Nürnberg, 09.07.2004

DER VERBRAUCHER IM ZEITSTRESS: MOTOR ODER BREMSE DES KONSUMS?

Ein gutes Drittel der erwachsenen Bevölkerung empfindet Zeitmangel. Verschiedene Faktoren lassen sie einzeln oder in Kombination zu Zeitsparern werden: Berufliche und familiäre Pflichten, ehrenamtliches Engagement, Mediennutzung, aber auch immer neue Erlebnisund Freizeitangebote.

Zeitsparer sind eine hoch interessante Zielgruppe: Es sind überdurchschnittlich viele Frauen, Vollzeit-Berufstätige, in großen Haushalten. Sie sind jung, gut verdienend, vielseitig interessiert, konsum- und innovationsfreudig. Sie versuchen mehrere Dinge gleichzeitig zu machen. Sie schlafen weniger. Und: sie ändern ihr Konsumverhalten. Sie kaufen andere Produkte in anderen Geschäften und informieren sich in anderen Medien. Der seit vielen Jahren zu beobachtende Megatrend Convenience erweist sich vor diesem Hintergrund als Megatrend zum Zeitsparen.

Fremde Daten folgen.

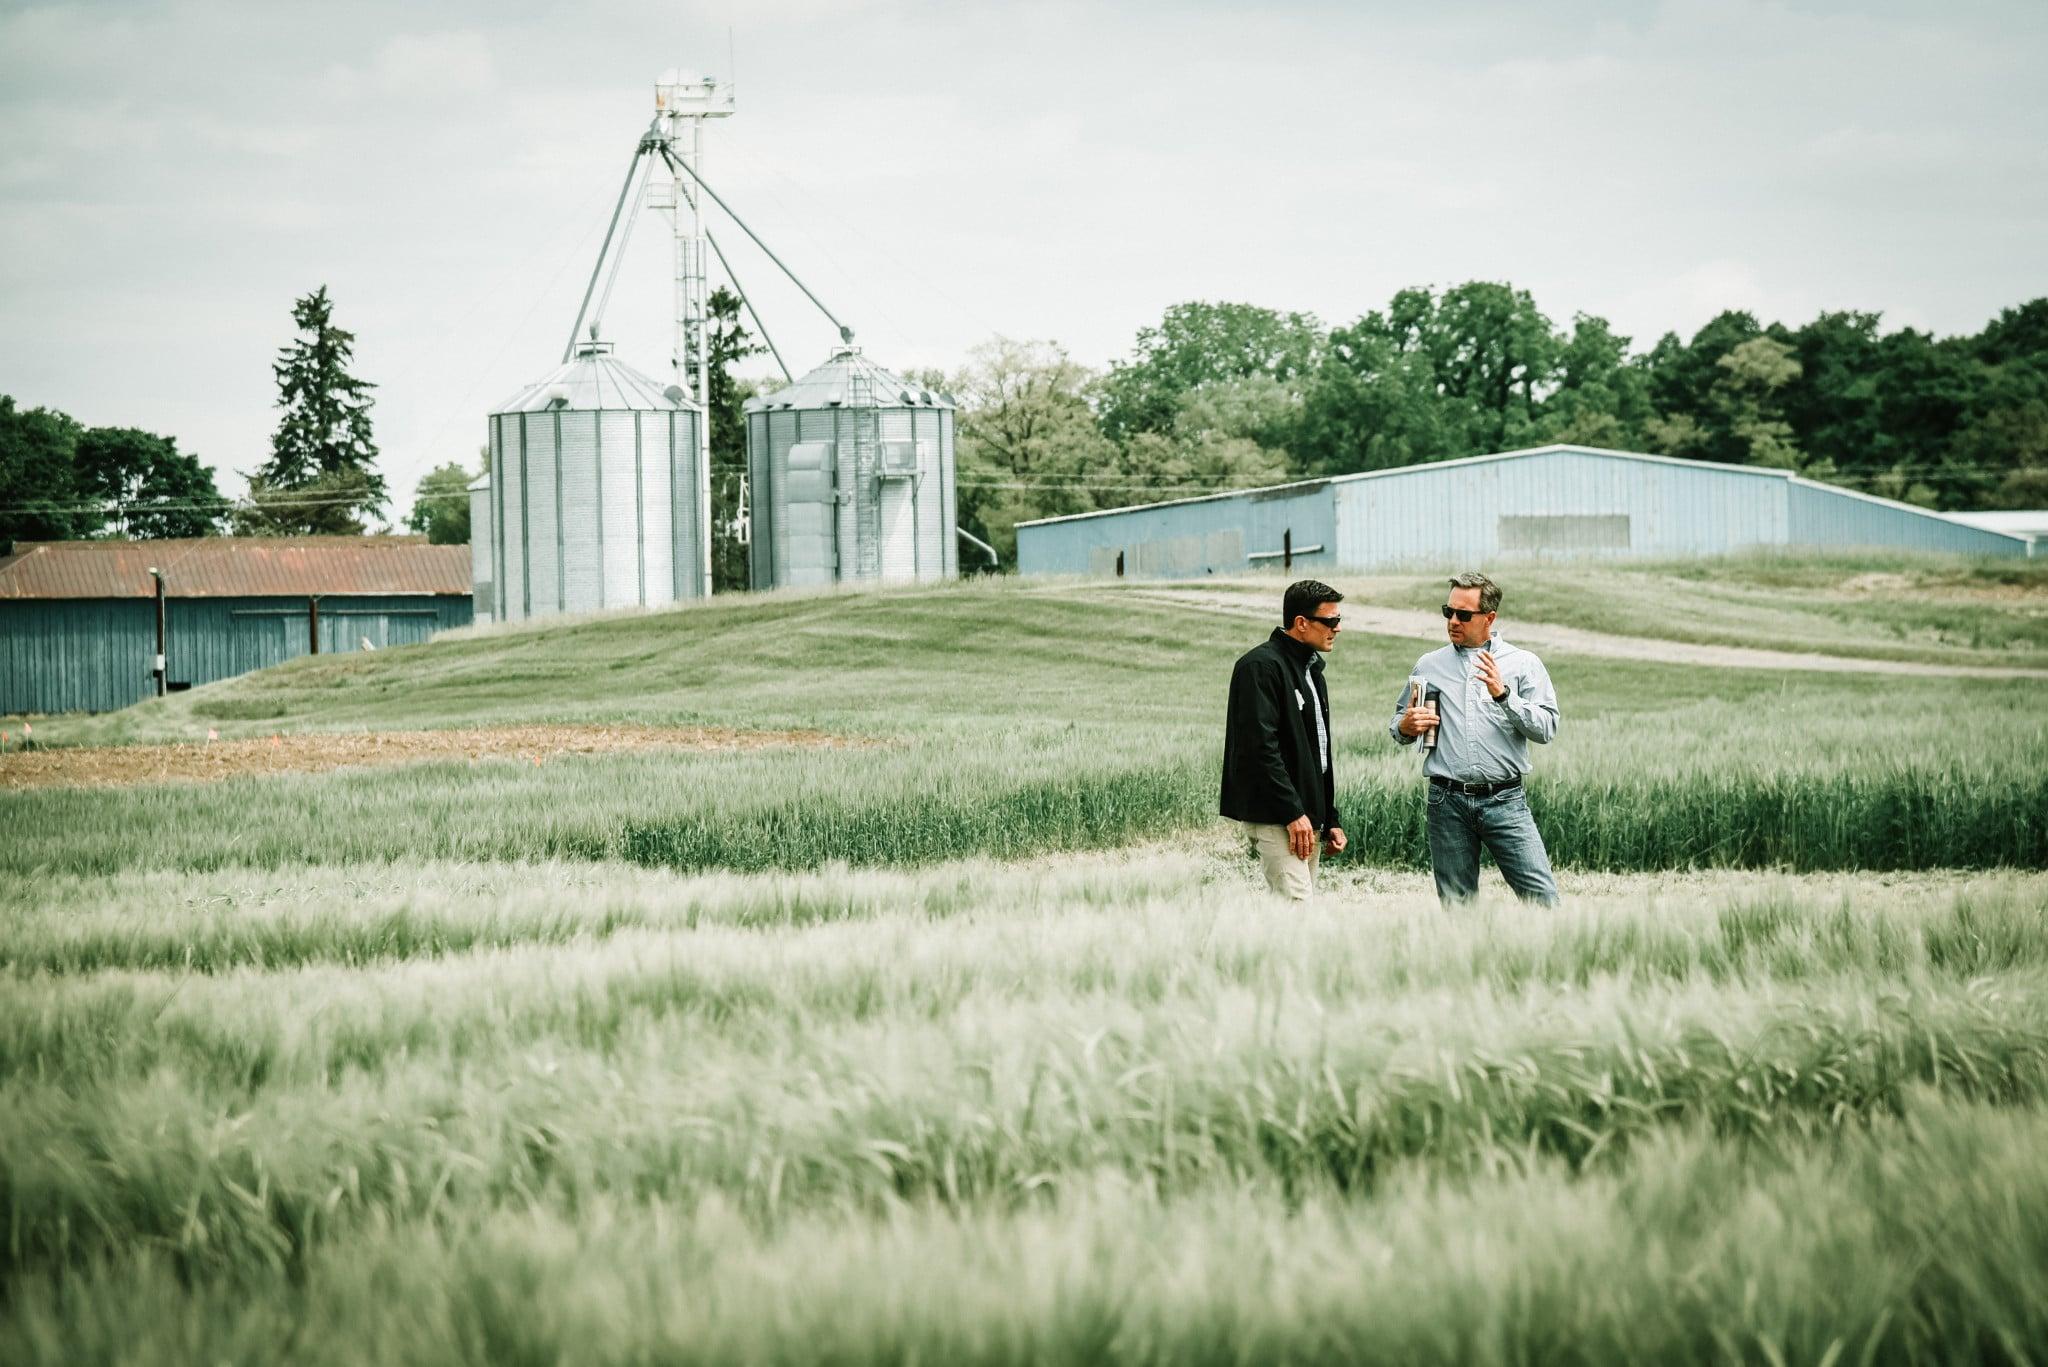 two people standing in a grain field

Die GfK-Tagung 2004 näherte sich dieser Zielgruppe von verschiedenen Seiten: Eine repräsentative Umfrage, konzipiert von Herrn Prof. Dr. Günter Wiswede, wurde ergänzt durch Spezialauswertungen aus den GfK-Verbraucherpanels.

Zunächst besichtigte Frau Prof. Dr. Christa Wehner die Zielgruppe Zeitsparer. Wie ist ihre Struktur? Was ist ihnen wichtig beim Einkaufen? Wo kaufen sie ein und was kaufen sie ein? Das waren nur einige ihrer Fragen.

Anschließend zeigte Herr Dr. August Oetker, wie das Haus Oetker den Mega-
trend Convenience für sein Marketing nutzt.

Herr Dr. Peter Haller wandte sich dann der Frage zu, wie die Zeitsparer kommunikativ angesprochen werden können.

Schließlich moderierte Frau Anne Will eine vertiefende Podiumsdiskussion mit den Referenten und Herrn Dr. Klaus L. Wübbenhorst.